In this stage of the Clinical Study, you will directly benefit from this experimental treatment for prostate cancer. If your NanoTherm™ treatment is effective in ablating your cancer lesion, you may be able to return to active surveillance instead of needing to proceed to definitive treatment such as a prostatectomy or radiation therapy. In addition, a potential benefit of your participation is that you will undergo an Axumin® PET/CT scan, a test that is generally not performed prior to prostate cancer treatment. There is a possibility that the results of this test may help your physician determine how best to perform your surgery by better-defining the location of your tumor.
What are Some of the Possible Risks of Participating?
There are risks to taking part in any research study.
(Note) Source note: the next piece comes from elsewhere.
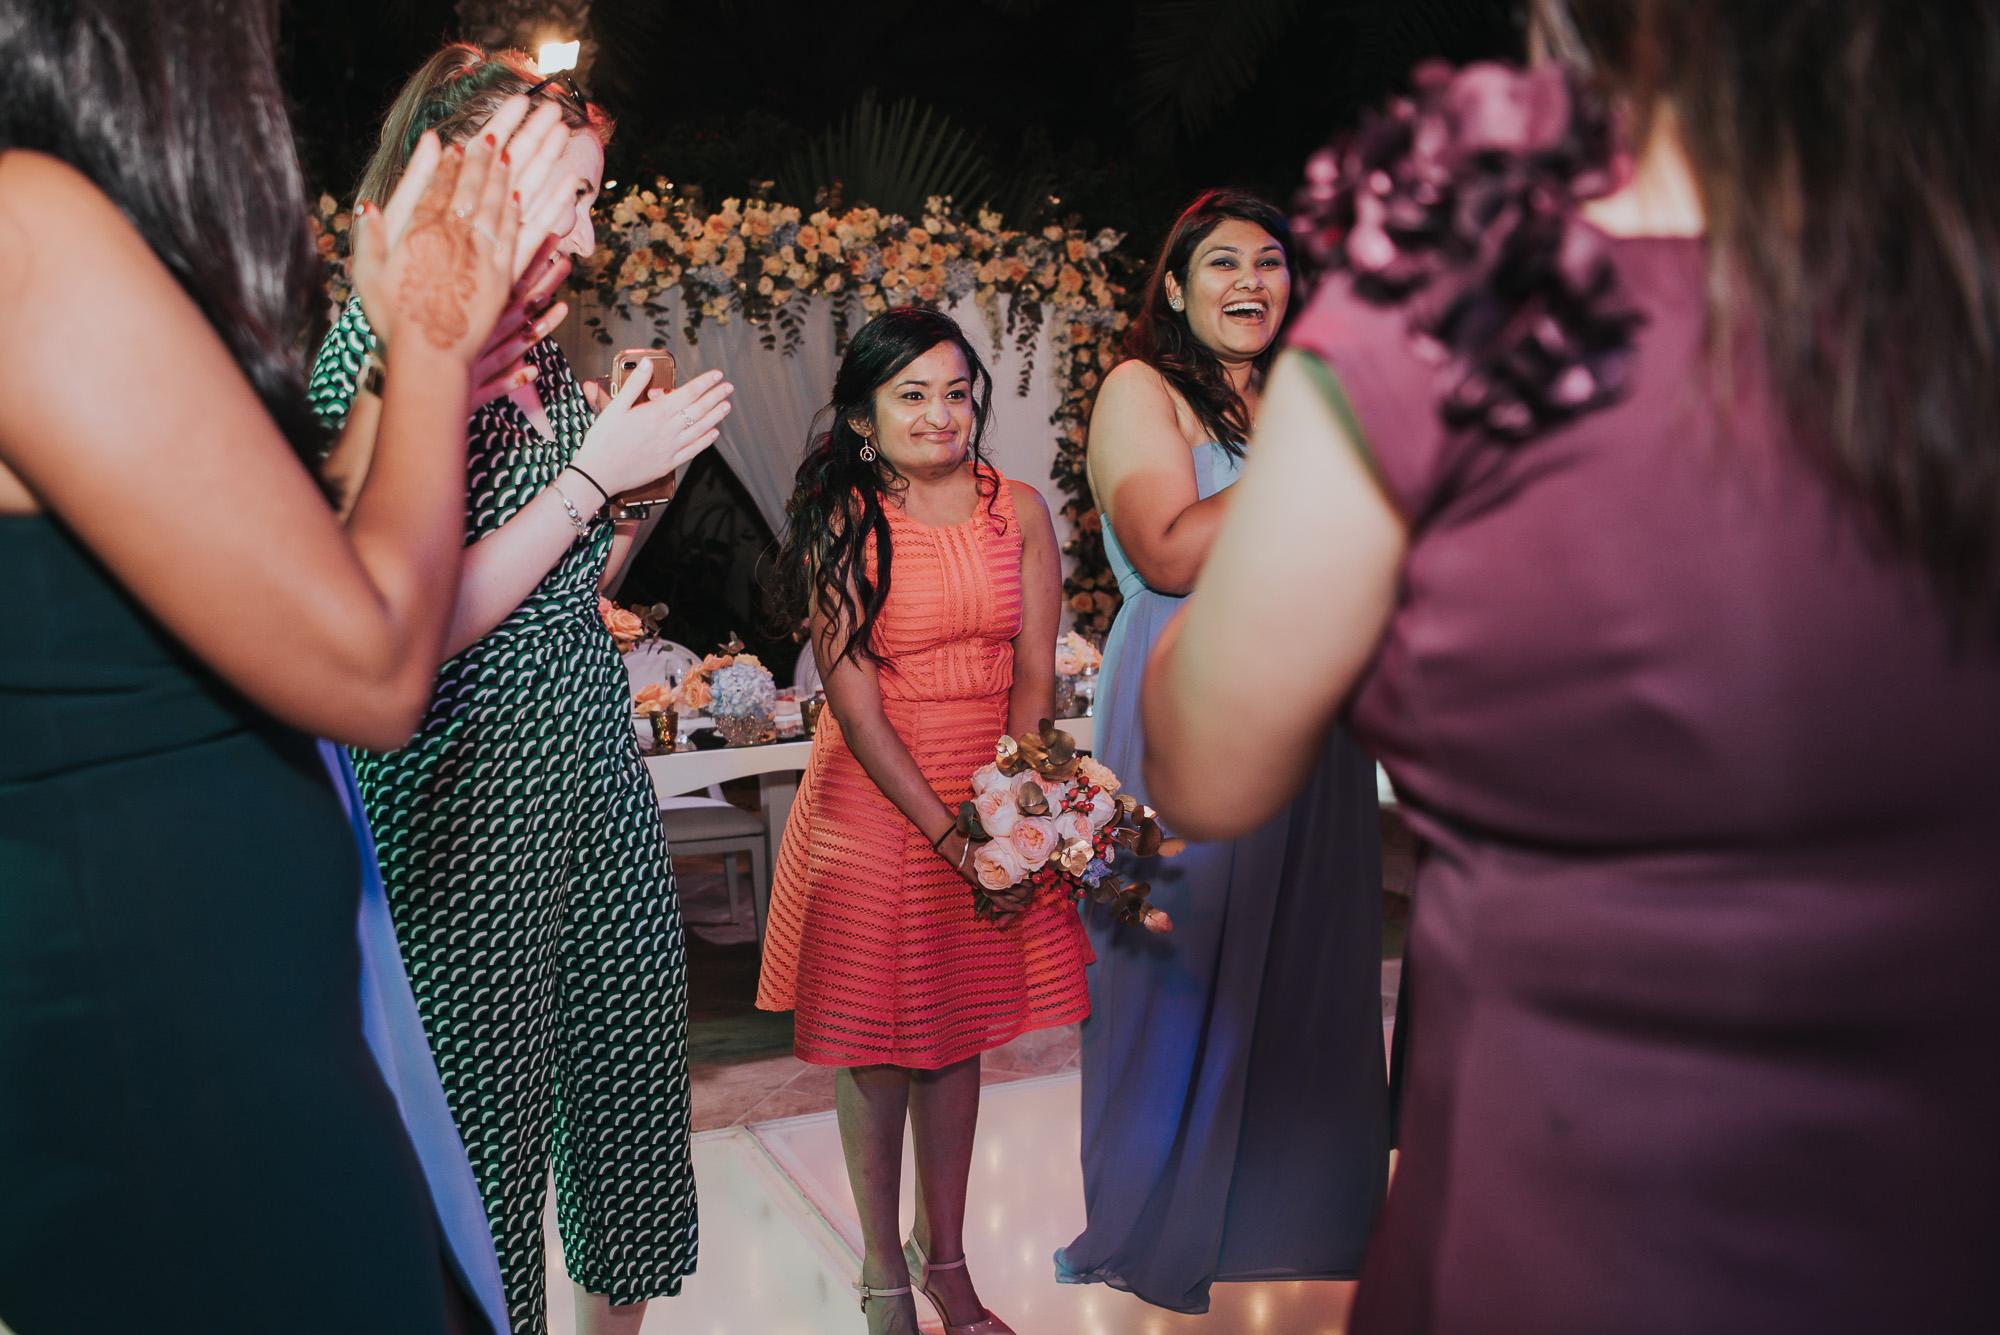 madinat jumeirah dubai wedding photographer  destination wedding photography (51 of 52).jpg

There is a risk the NanoTherm™ particles and treatment may cause problems (side effects), which may be mild, moderate, or very serious. The injection of the nanoparticles into your prostate may result in bleeding, infection, or inflammation; these are uncommon side effects. The side effects that patients who have thus far experienced with this treatment have been: sweating, mild discomfort, skin irritation or burning as well as an increase of body temperature, blood pressure and heart rate. To date, surgeons performing radical prostatectomy in patients who have been previously treated with NanoTherm™ injection and activation have not identified any problems with surgery.
Are All of the Potential Risks Known?
It is important to note that the NanoTherm™ technology is investigational for use in ablating prostate cancer tissue, so all the potential side effects are still unknown at this point. In fact, this is one of the main reasons that MagForce is currenting undertaking this Clinical Study -- to study its safety in the treatment of prostate cancer.
How Can I Learn More About the Potential Risks?
Prior to participating in the clinical study, all potential subjects will have a meeting with one of the study’s principal investigators. This initial meeting will help you learn more about the clinical trial and help answer any questions you may have. Prior to enrolling in the study, you will be asked to review and sign an "Informed Consent" which provides extensive detailed information related to the risks and benefits of participation as well as the details of each step of the study. The principal investigator will be available to answer any questions that you might have about all known and potential risks. At any point during this process of learning about the study, you may opt to proceed with treatment by your physician.